Salvatore Vitale, who had previously plead guilty to this offense testified that the first time he saw the defendant that day was at a gas station at the Oglesby Spur at 1:30 P.M. on the afternoon of the crime. On cross-examination he admitted that he had been convicted of four felonies within the past ten years.
Helen Wrona, the wife of defendant, testified that during the morning in question she and her husband had been shopping in Peru, that they then drove to the Oglesby Spur to get their oil changed, that while there Salvatore Vitale drove into the service station and her husband got into the car with Salvatore's dog and both men drove off.
• 8 Defendant did not testify.
The credibility of the witnesses was for the jury. Cases cited by defendant in support of his argument were rape cases stating the general rule of corroboration of the female and have no application here. The courts have repeatedly held that it is the function of the jury to make a determination of the credibility of witnesses and the weight to be given to the testimony. This court will not substitute its judgment for that of the jury merely because the evidence is conflicting. (People v. Fort, 14 Ill.2d 491; People v. Wheeler, 5 Ill.2d 474.) There was more than positive identification of the defendant by a single witness here. The testimony of Officer Clausen that he first saw defendant in the car at the Cedar Point Junction (a point several miles south of the Oglesby Spur) and that the car never stopped at the Oglesby Spur as it went north into Peru would certainly be considered by the jury. On cross-examination of Helen Wrona it was brought out that she had never before had the oil changed at the Oglesby Spur and further, that the Oglesby Spur was from 8 to 10 miles out of the way.
• 9 We cannot say that the conviction of the defendant rests upon identification which is doubtful, vague and uncertain and which does not produce an abiding conviction of guilt which situation would require us to reverse. People v. Kidd, 410 Ill. 271.
• 10 From a review of the entire record we find that defendant was properly found guilty beyond a reasonable doubt and that the evidence used against him was not obtained unlawfully.
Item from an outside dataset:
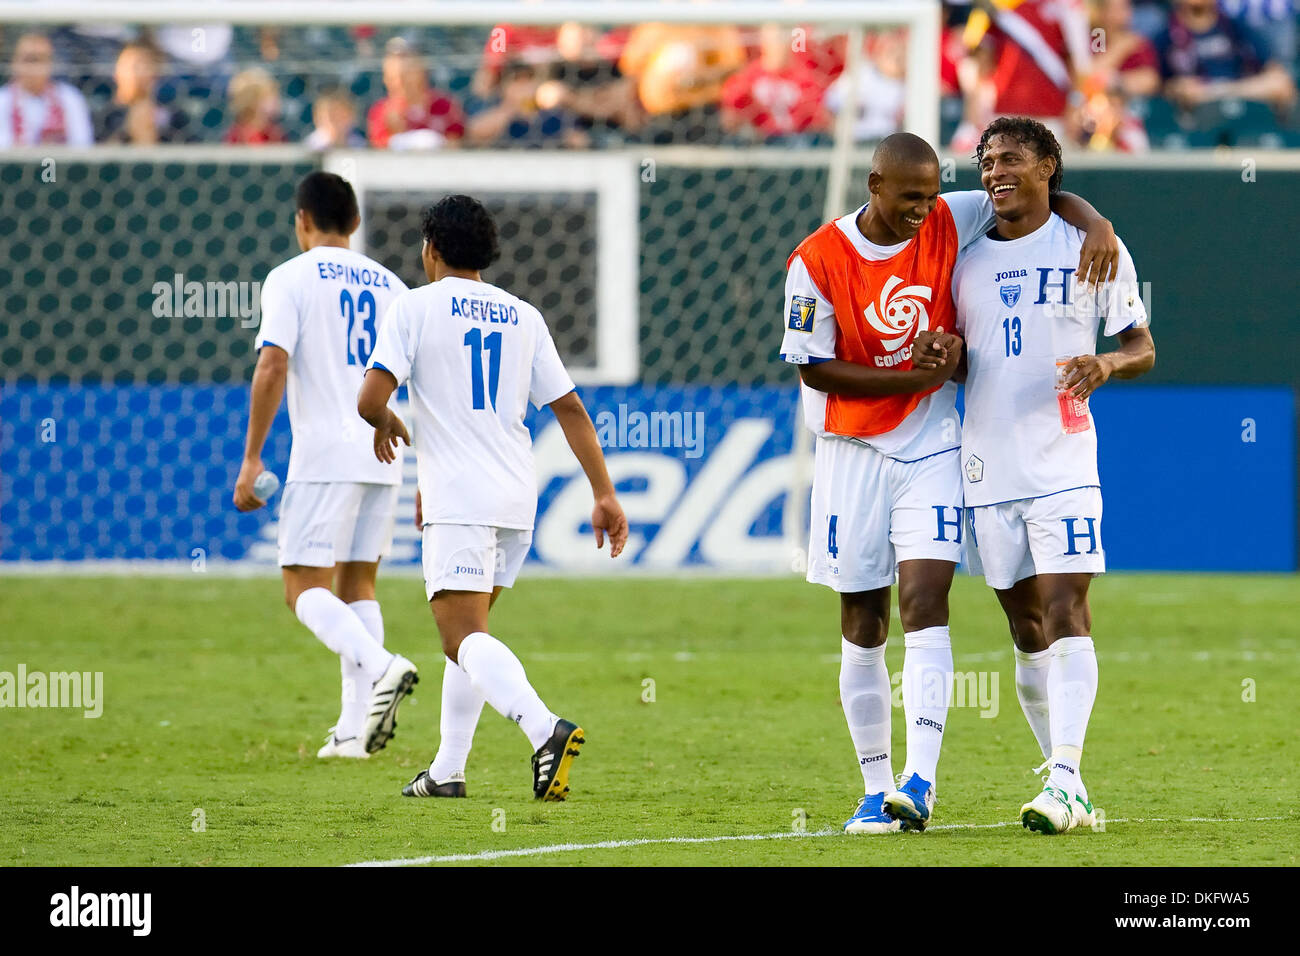 Jul 18, 2009 - Philadelphia, Pennsylvania, USA - Honduras' defender CARLOS PALACIOS (14) celebrating with Canada's defender ATIBA HUTCHINSON (13) as teammates  midfielder ROGER ESQINOZA (23) and defender MARIANO ACEVEDO (11) head to the rest of their teammates during the CONCACAF Gold Cup quarter finals match between Canada and Honduras at Lincoln Financial Field in Philadelphia, P Stock Photo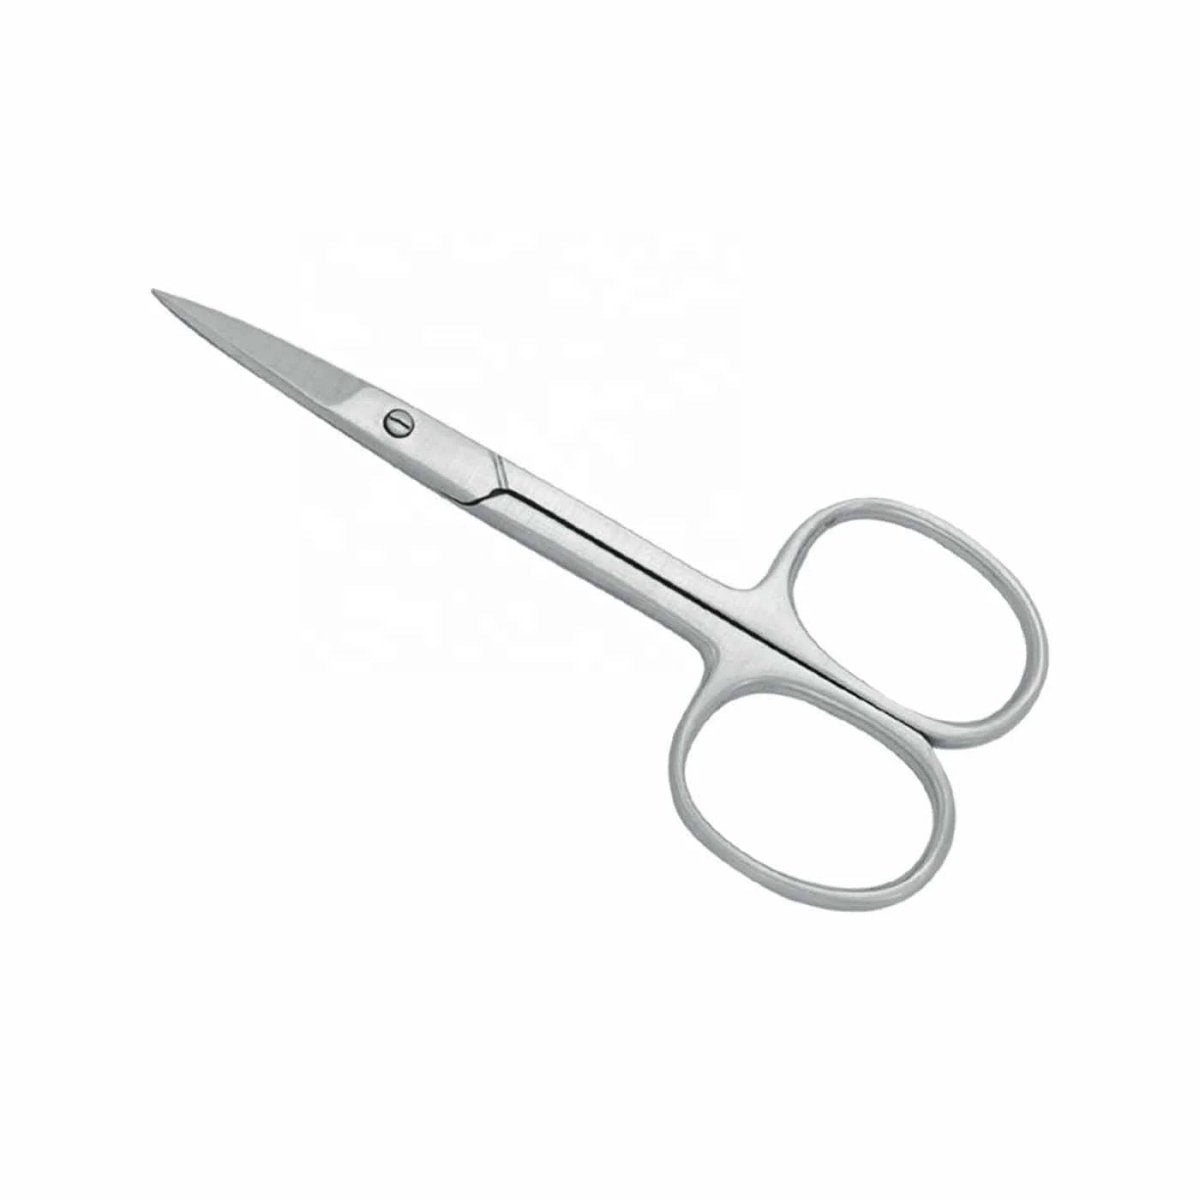 Eyebrow Trimmers / Brow Scissors, Stainless Steel

Defendant asks that his punishment be reduced. At the hearing on aggravation and mitigation it was disclosed that defendant was born June 4, 1934, and at the age of 17 he was first convicted of a burglary and was given probation. He violated the terms of his probation about seven months later and he was then sentenced to the penitentiary for 1 to 10 years. In 1961 he was again convicted of burglary and was sentenced to 2 years to 2 years and 2 months. In May of 1970 he was sentenced to 90 days in Vandalia. In March of 1971 he was sentenced to 45 days and one year concurrent. In September 1971 he was convicted of Burglary, Bail Bond Violation, and Escape and was sentenced to 3 to 4 years to be served concurrently with the March 1971 sentence. On Nov. 24, 1971, he was convicted on the instant case and given a consecutive sentence.
• 11 "There are, unfortunately, in our society habitual offenders who are beyond the pale of redemptive treatment." (Abernathy v. People, 123 Ill. App.2d 263, 271.) It can be concluded from the record in this case that the defendant is a habitual offender. The trial judge made a sound determination of the punishment to be imposed and we will not disturb it. The judgment of the Circuit Court of Marshall County is affirmed.
STOUDER, P.J., and SCOTT, J., concur.